Façons de lyre, manières de vivre ?
1Le volume, dirigé par Aurélie Foglia et Laurent Zimmermann, et agrémenté d’un poème de Sophie Loizeau, rassemble neuf études consacrées aux Méditations poétiques et aux Nouvelles Méditations poétiques de Lamartine. S’il est paru à l’occasion de la mise au programme des classes préparatoires littéraires du recueil de 1820, son intérêt est à l’évidence plus pérenne, les contributions constituant sans doute l’un des apports les plus importants aux études lamartiniennes depuis le volume collectif Lamartine : autobiographie, Mémoires, fiction de soi, paru en 2009 aux Presses Universitaires Blaise Pascal, auquel avaient d’ailleurs déjà participé quatre des auteurs du présent ouvrage.
2Le titre du livre dévoile la perspective dans laquelle s’inscrivent les articles réunis : cerner, situer et analyser la manière dont l’œuvre de Lamartine articule la poésie lyrique à la vie même, en « un geste inaugural dans la littérature française », puisque les Méditations sont le lieu où le poète « invente […] un rapport à soi qui change le rapport au monde et à son dire » (p. 5), comme le soulignent A. Foglia et L. Zimmermann dès leur « Avant-propos ».
La vie & l’œuvre, la vie de l’œuvre
3On pourra d’abord être sensible à la multiplicité des angles d’approche dans l’étude des rapports entre la vie et l’œuvre, croisant des questionnements éthiques, politiques, historiques et religieux avec l’analyse littéraire, jusqu’à définir les contours d’une « vie lyrique » entendue comme brouillage et estompage des frontières entre l’écriture poétique et l’engagement (en tous les sens du terme) de l’individu dans le monde, ou entre le chant et l’action. Alain Vaillant, se concentrant sur la réception de l’œuvre de Lamartine au xixe siècle, montre ainsi que si elle suit une trajectoire allant de la gloire à une forme d’« abstention » (p. 53), voire d’« indifférence tacite » (p. 51), c’est à cause des faiblesses de l’idéalisme lamartinien : tendance au narcissisme, rabattement de la poésie sur l’éloquence et inconsistance abstraite de l’utopie sous-jacente. Le rapport entre poésie et politique chez Lamartine est également confronté par Dominique Dupart à ses condamnations explicites par Proudhon puis, dans le sillage de 1848, chez Marx et Engels, quand apparaît clairement l’échec du poète homme d’État, mais aussi de « la langue sous-lyrique en prose qui a œuvré pour l’avènement de la IIe République » (p. 78). Sarga Moussa, quant à lui, met l’accent sur le combat abolitionniste de Lamartine, en s’appuyant notamment sur la lecture attentive d’un passage du Voyage en Orient où le poète décrit une scène de marché aux esclaves ; si cette étude s’éloigne des Méditations, c’est peut-être pour mieux souligner, en fait, comment le lyrisme personnel s’ancre dans une éthique qui cherche à éclairer ce qui fonde l’humanité de chaque sujet et l’importance du lien empathique dans une perspective démocratique. L’œuvre poétique est ainsi, à travers plusieurs contributions, pleinement resituée dans une pensée politique et éthique que Lamartine n’a pas souhaité séparer de l’écriture lyrique.

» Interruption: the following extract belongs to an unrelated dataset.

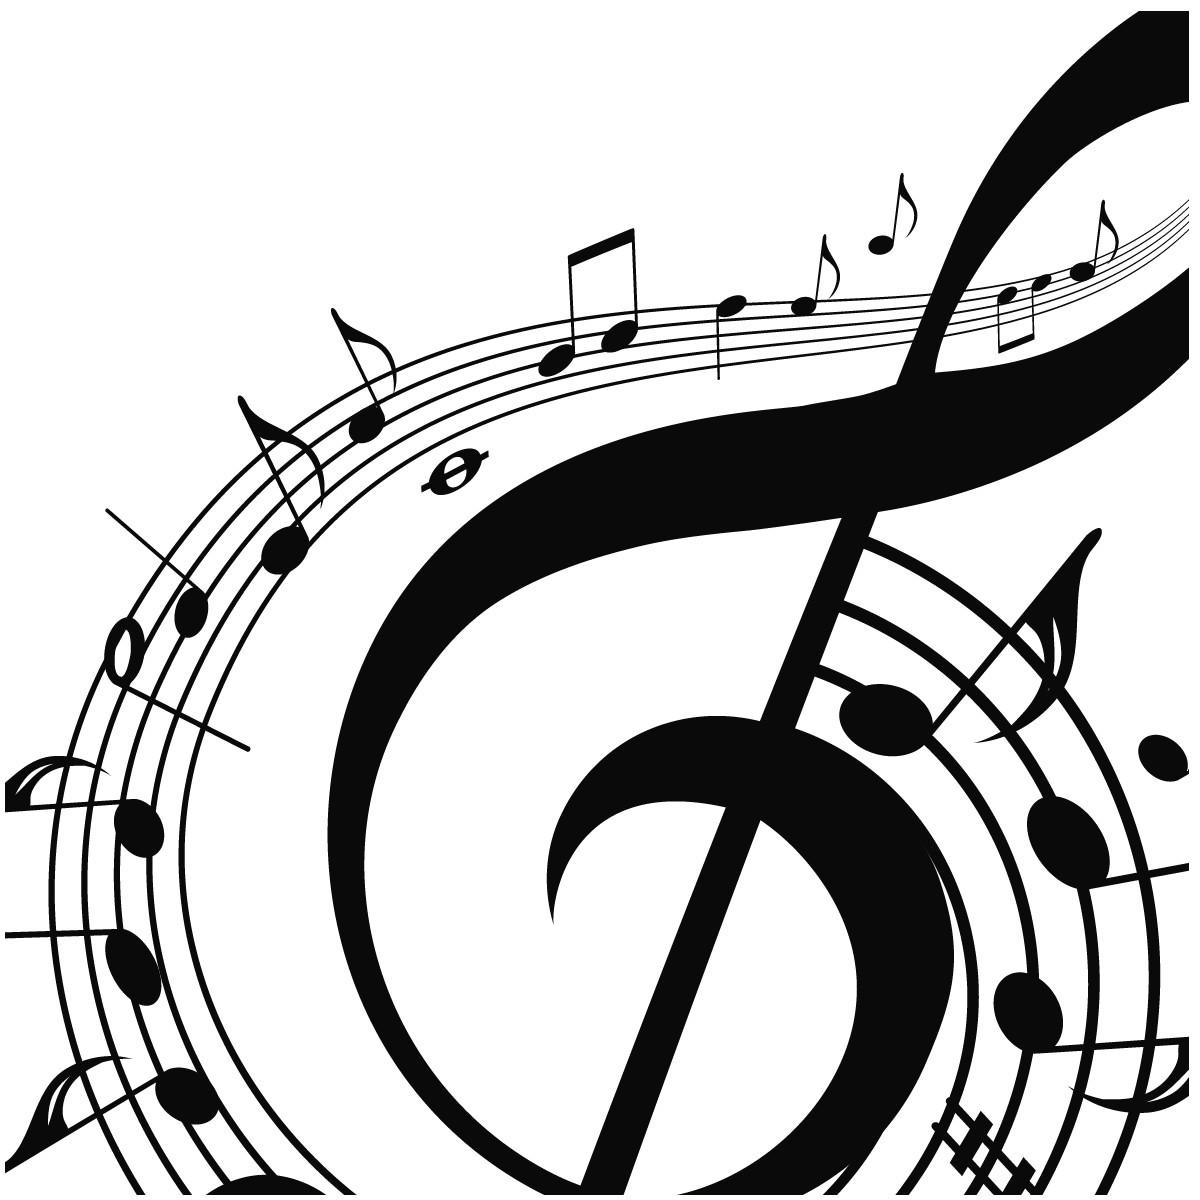 Black Music Notes

4Mais l’intérêt du volume est également de souligner l’absence de tout système dans l’œuvre vivante, mouvante, de Lamartine, non seulement du point de vue politique, mais également dans une perspective religieuse, qu’explorent en particulier Claude Mauron, dans une utile mise au point sur le motif de l’ange, déployé dans ses diverses significations et valeurs (p. 107‑120), et Esther Pinon dans un article (lumineux, si l’on nous pardonne cette facilité) consacré aux « Lueurs du doute dans les Méditations poétiques » (p. 91‑106). Les images du crépuscule et l’esthétique du clair-obscur reflètent et expriment une pensée religieuse incertaine, qui préfère au rayonnement éblouissant de la foi, affronté parfois — on le sait — aux abîmes ténébreux du désespoir, les lueurs voilées et les pénombres, dont le pouvoir est de dire « Moins qu’une croyance, […] une espérance » (p. 105). Les hésitations et les flottements de la pensée religieuse de Lamartine laissent parfaitement voir combien le recueil s’est constitué par sédimentation d’oscillations idéologiques et d’expériences affectives diverses, à la manière d’un feuilleté indécidable de moments vécus et de pages écrites. Parmi ces délicates alluvions se distinguent aussi, d’un éclat obscur, les poèmes inspirés par les deuils, formant ce que Pierre Loubier appelle un « vertige de superpositions et de syncrétismes qu’on pourrait dire nervaliens » (p. 132), dans un article intitulé « Lamartine et la jeune morte (histoire d’un méditation infinie) » (p. 125-139) sur lequel nous reviendrons.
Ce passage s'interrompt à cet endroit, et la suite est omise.